Gérard ne se plaignait jamais à son maître des mauvais traitements qu’il recevait dans sa maison. Pannuto en était dans l’admiration. Un jour, il suivit à son insu le saint jeune homme qui se rendait à l’église, et il le vit, après une longue prière, traîner la langue sur le pavé jusqu’au pied de l’autel, et là entrer en extase. Dès lors, il le vénéra comme un saint, et congédia son persécuteur.
Le trait suivant est une nouvelle preuve de la patience du jeune tailleur. Un jour qu’il passait par un chemin solitaire, le bruit de ses pas fit envoler un oiseau au moment même où un chasseur se préparait à tirer. Celui-ci, furieux, s’élance sur lui et lui donne un soufflet. Fidèle à la recommandation du divin Maître, Gérard présente l’autre joue. Mais l’homme en colère ne voit dans cet acte qu’une insulte, et redouble ses mauvais traitements. Survient heureusement le fils de Pannuto qui intercède pour l’innocent. Le chasseur s’apaise, et passant subitement de la colère à l’admiration, il s’en va lui-même publier partout la vertu du jeune apprenti.
Le Saint domestique
En attendant l’heure de Dieu pour entrer en religion, Gérard, alors âgé de seize ans, s’engagea comme serviteur chez Mgr Albini, évêque de Lacédonia. C’était un homme de mérite, mais d’un caractère bouillant. Dieu se servit de lui pour exercer son jeune serviteur à la pratique des plus sublimes vertus chrétiennes.
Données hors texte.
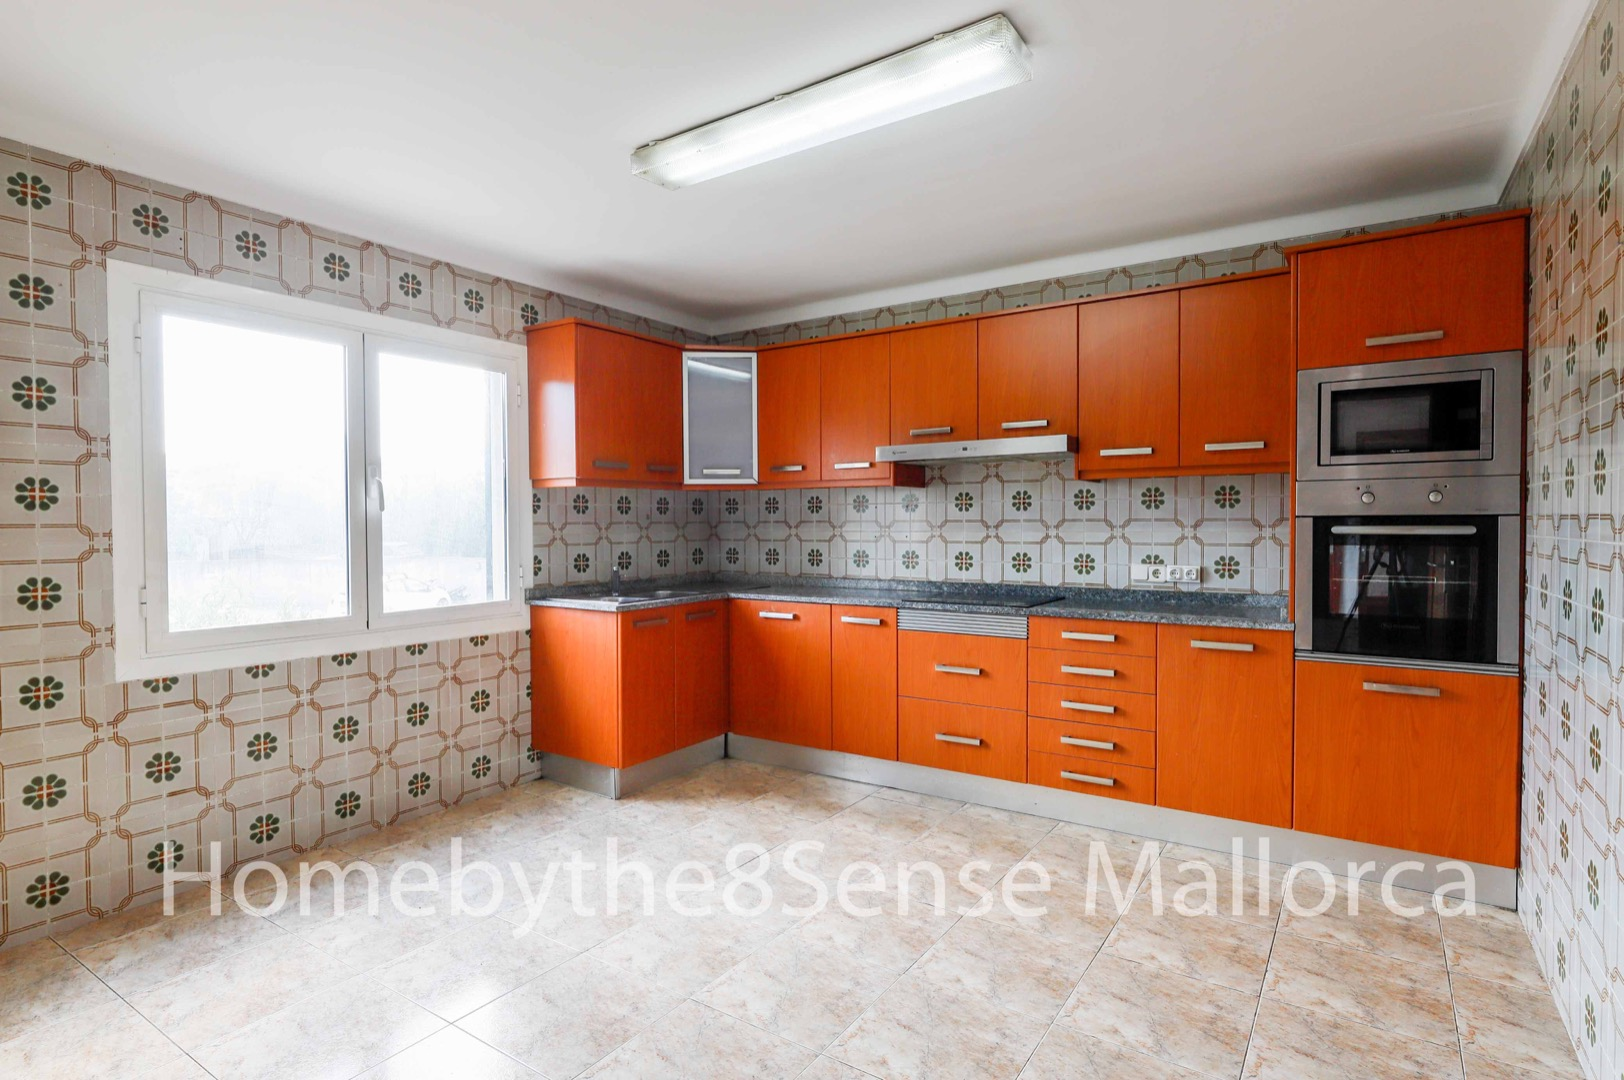 Affitto Appartamento  Marratxí. Inmobiliaria home by the8sense ofrece en alquiler muy grande pis

Plaintes, gronderies, humiliations, travaux excessifs, l’humble fils de Benoîte était de trempe à supporter tout cela. Le silence respectueux qu’il gardait pendant et après les plus injustes corrections, la manière de les recevoir les yeux baissés et le visage serein, sa gaîté toujours douce et aimable, son obéissance au moindre signe, son amour du travail, tout dénotait déjà en lui la vertu héroïque d’un saint.
Là, malgré ses labeurs, Gérard n’en continuait pas moins ses mortifications étonnantes. Un jour, le médecin, voyant la pâleur de ses traits, lui demanda s’il n’était pas malade. « Je suis bien, » répondit Gérard en souriant. Le médecin, incrédule, lui palpa la poitrine, et s’aperçut qu’il portait un rude cilice.
Affable envers tous, bon pour les pauvres, tendre pour les malades, ce saint jeune homme ne se connaissait qu’un ennemi : c’était lui-même. Il ne s’accordait qu’un peu de pain pour nourriture, rarement quelque légume, réservant pour les pauvres et les malades tout ce qu’on laissait à sa disposition à la cuisine.
Quand il passait en ville, tout le monde était frappé de sa modestie.
« Le petit Gérard, disait-on. n’est pas un homme, c’est un ange ; c’est un saint. »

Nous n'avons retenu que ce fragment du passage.